Роза увидела в этих словах девиз, увидела горделиво выставленное знамя. Из-за этих слов лучше было не затевать ссору. Тон, которым Мирьям их произнесла – будто выжгла, – говорил о дерзости, замаскированной под ликование, и оставался единственный вопрос: что еще остается Розе, кроме как упасть в обморок, как только мужчина, вписанный в уравнение, переступит порог?
– Еще не понимаешь. Но скоро поймешь – когда он придет.
Будь счастлива за меня, безгранично счастлива, – приказывал ей победный голос Мирьям. И смотри не спи больше ни с кем!
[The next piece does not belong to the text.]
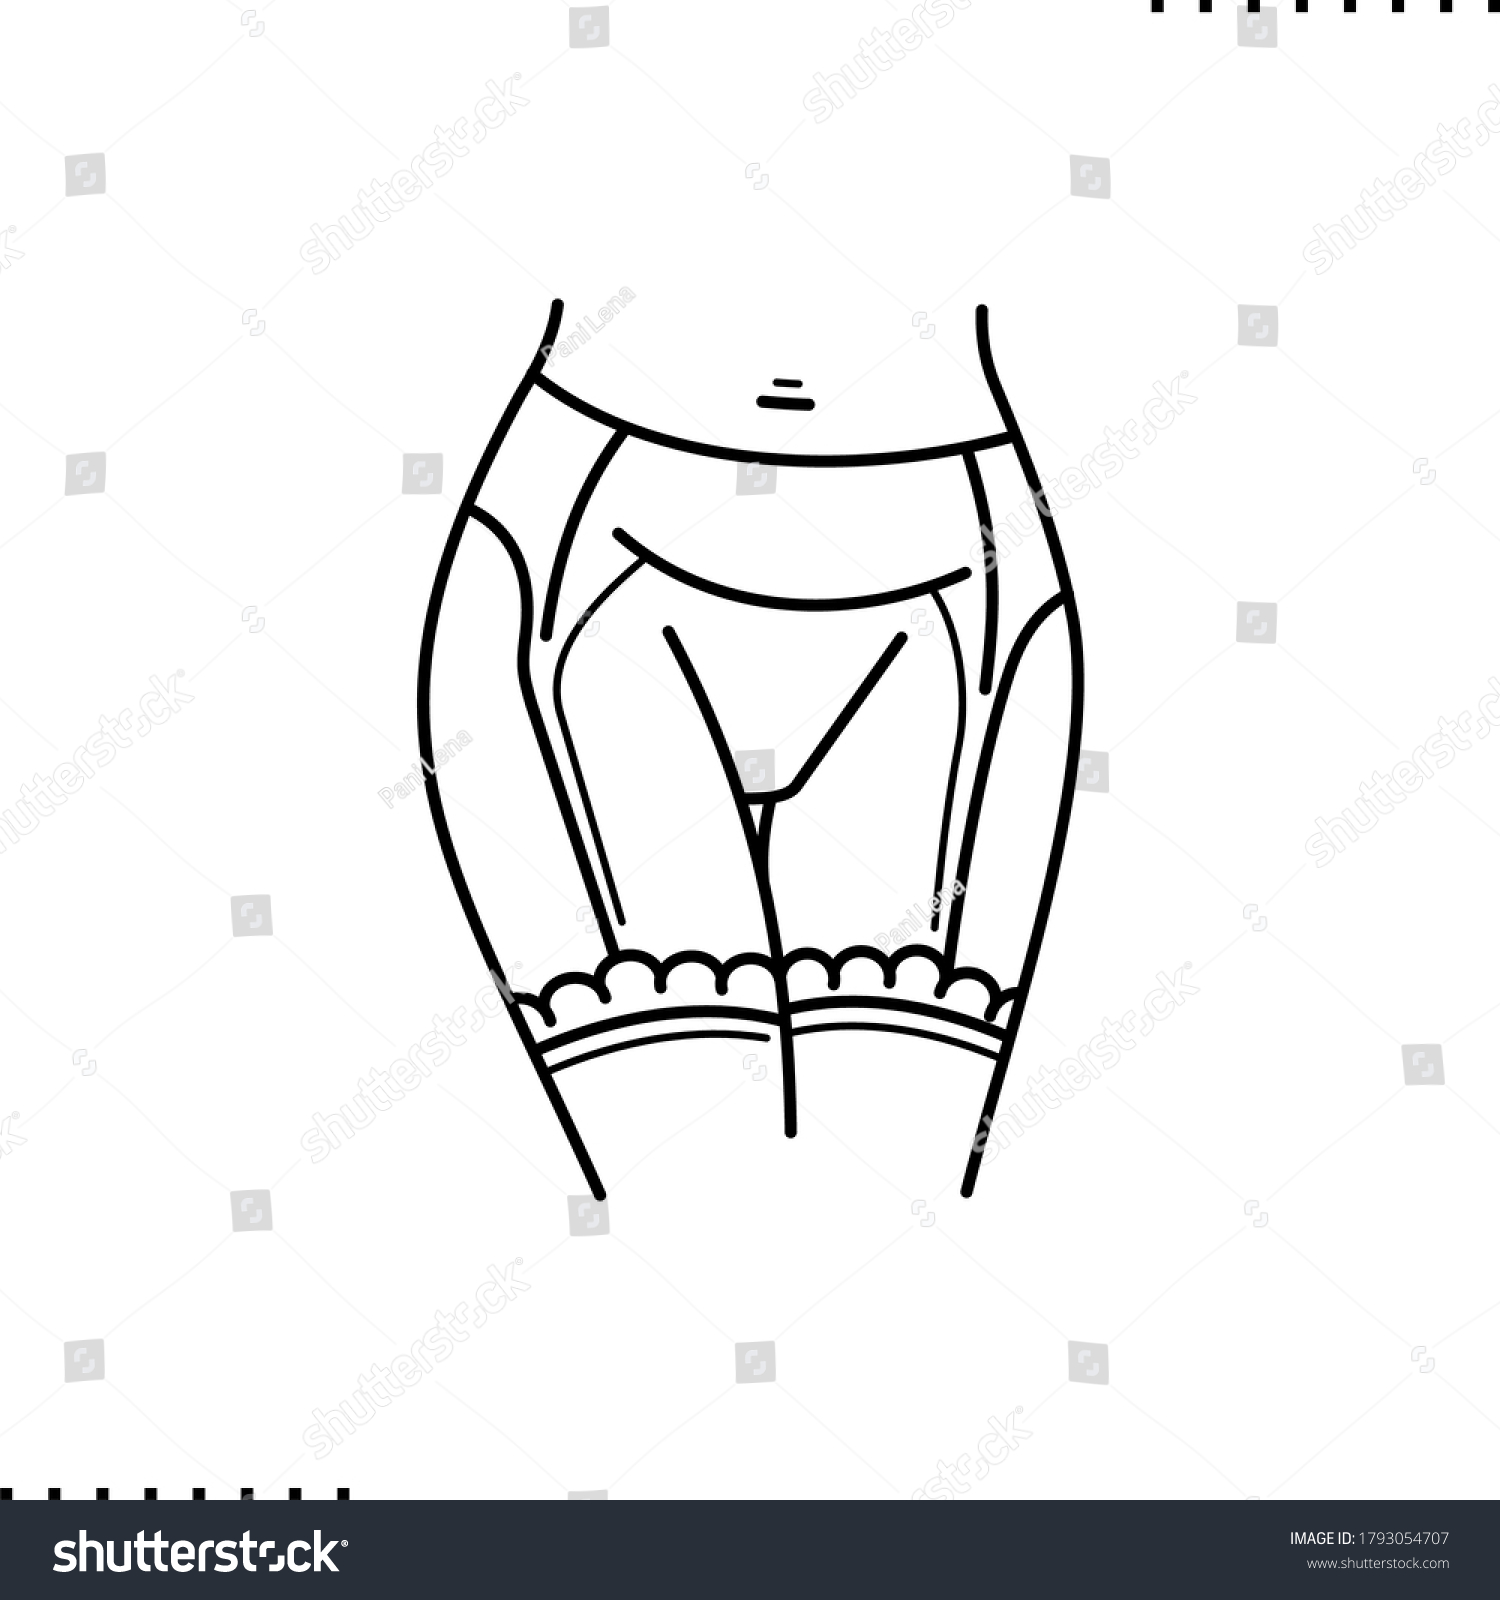 Sexy Lingerie Erotic Lace Belt Stockings Stock Vector Royalty Free 1793054707 Shutterstock 5701

До его прихода Мирьям решила расставить точки над i. Роза очень обрадуется, заявила ей дочь, когда увидит, что Томми Гоган – не какой-нибудь немытый битник. Он хоть и фолк-музыкант, но совсем не похож на тех неоперившихся юнцов из студенческих общежитий, на которых Роза обычно изливала столько презрения всякий раз, когда видела компанию приятелей Мирьям с Макдугал-стрит. Нет, он настоящий, честный и серьезный протестный певец, и скоро у него даже выйдет своя запись. Договор о записи вот-вот будет заключен, пообещала Мирьям. Активист с гитарой – так назвала его Мирьям, и ее призывный тон сразу придал форму той незримой надежде, которую ощущали и мать, и дочь: а именно, что Мирьям найдет какой-то способ вдохнуть жизнь в давние Розины порывы, воскресить их и извлечь из саркофага, где упокоились идеалы социалистов. И когда обе, мать и дочь, потушили сигареты и заново накрасили губы, Роза была уже податливой, как воск, и не сказала ни слова протеста против протестного певца.
Почему бы просто не порадоваться за Мирьям?
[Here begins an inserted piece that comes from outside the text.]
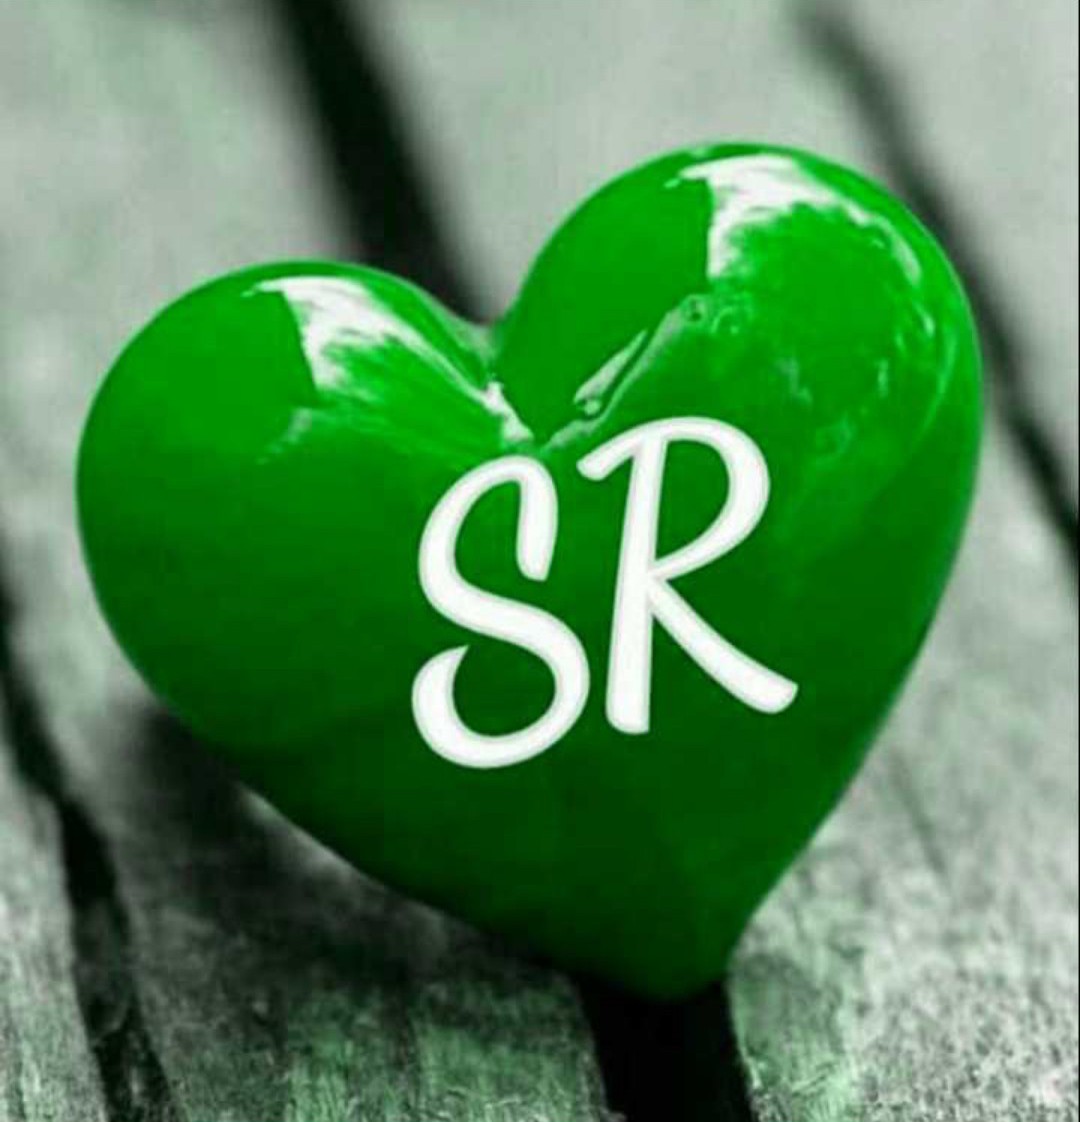 sr love • ShareChat Photos and Videos

На самом деле фолк-певец – не важно, из компании немытых или из подготовительной школы, – был для Розы далеко не худшим вариантом. После поездки Мирьям в Германию (о которой она наотрез отказалась рассказывать хоть что-нибудь – даже совсем коротко) Роза в глубине души боялась, уж не заключила ли дочь какой-нибудь безумный союз с историей своего отца, не затянет ли скоро ее по ту сторону “железного занавеса” души.
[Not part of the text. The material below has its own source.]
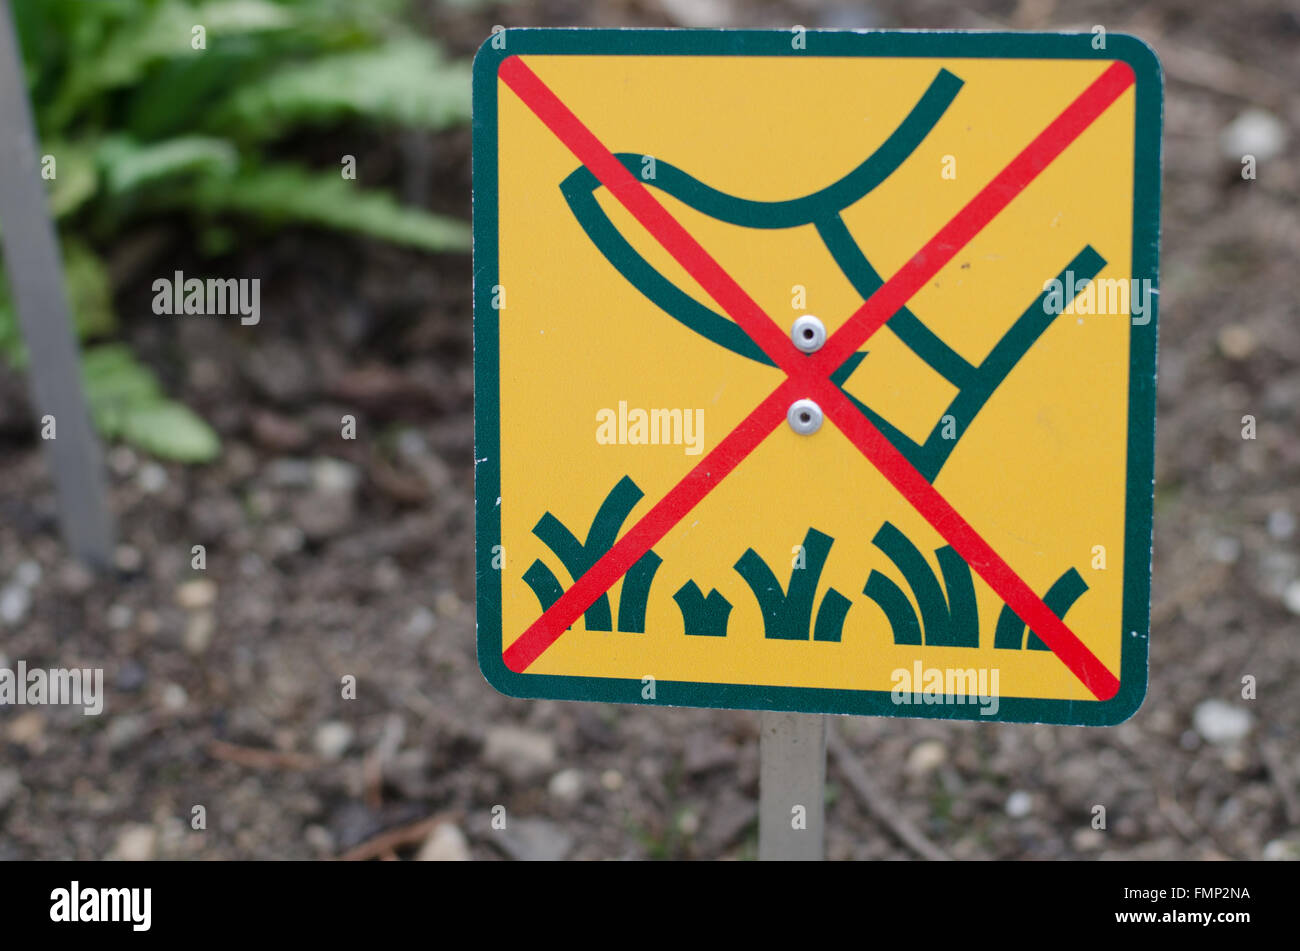 do not step on the grass symbol Stock Photo

После отъезда Альберта Роза еще много лет продолжала водить Мирьям к ее бабушке, Альме. Ей хотелось, чтобы девочка больше знала о своей родне, но даже в голову не приходило, что Мирьям “отблагодарит” ее за такую заботу мечтами о мейсенском фарфоре, марципанах “Нидереггер”, роялях и разговорах о политике за рюмками бренди.
Германия! Упаси боже, чтобы она отняла у обкраденного века Розы еще одну ценность.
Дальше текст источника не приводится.